Single by LL Cool J featuring Eminem

from the album The FORCE
- Released: August 30, 2024
- Recorded: 2023–2024
- Genre: Hip hop; hardcore hip-hop;
- Length: 3:05
- Label: LL Cool J, Inc.; Def Jam; VMG;
- Songwriters: James Todd Smith; Marshall Mathers III; Kamaal Fareed; Anthony King;
- Producers: Q-Tip; Eminem (add.);

LL Cool J singles chronology
| "Proclivities" (2024) | "Murdergram Deux" (2024) |  |

Eminem singles chronology
| "Somebody Save Me" (2024) | "Murdergram Deux" (2024) | "Gunz n Smoke" (2024) |

Music video
- "Murdergram Deux" on YouTube

= Murdergram Deux =

2024 single by LL Cool J featuring Eminem

"Murdergram Deux" is a song by American rapper LL Cool J, released on August 30, 2024, as the fourth single from his fourteenth studio album, The FORCE (2024). The sequel to his song "Murdergram" (1990), it features fellow American rapper Eminem. The song is produced by Q-Tip, with Eminem providing additional production.
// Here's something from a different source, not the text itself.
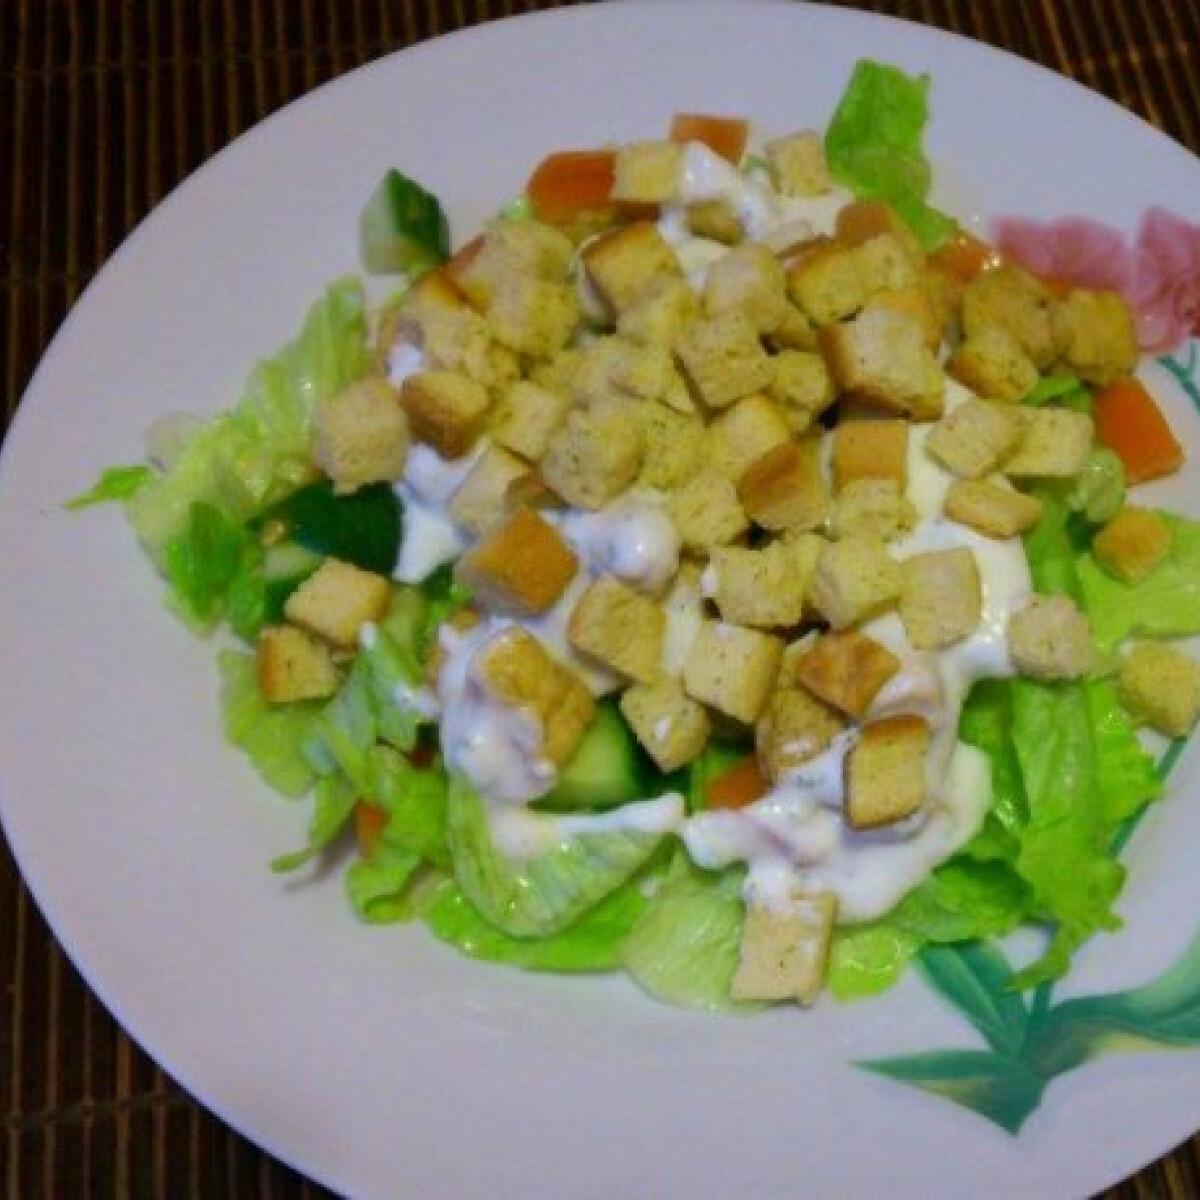 Saláta csirkemellel és krutonnal

The song contains samples of "Donna's Dilemma" by Anthony King and "Going Back to Cali" by LL Cool J.

==Background==
In an interview with Vulture, LL Cool J revealed the details about how the song was recorded:

Q-Tip played the beat. I actually watched him create a lot of it. It was absolutely amazing to me. Because of the choppiness in the tempo, I felt like Eminem would be perfect for it. We ended up going to L.A. to Dr. Dre's studio. We recorded together. I would go in and write my verse and record mine in the booth. He would go in and write his verse, record in the booth. We would never watch each other record, except for the very ending when we kind of went back and forth a little.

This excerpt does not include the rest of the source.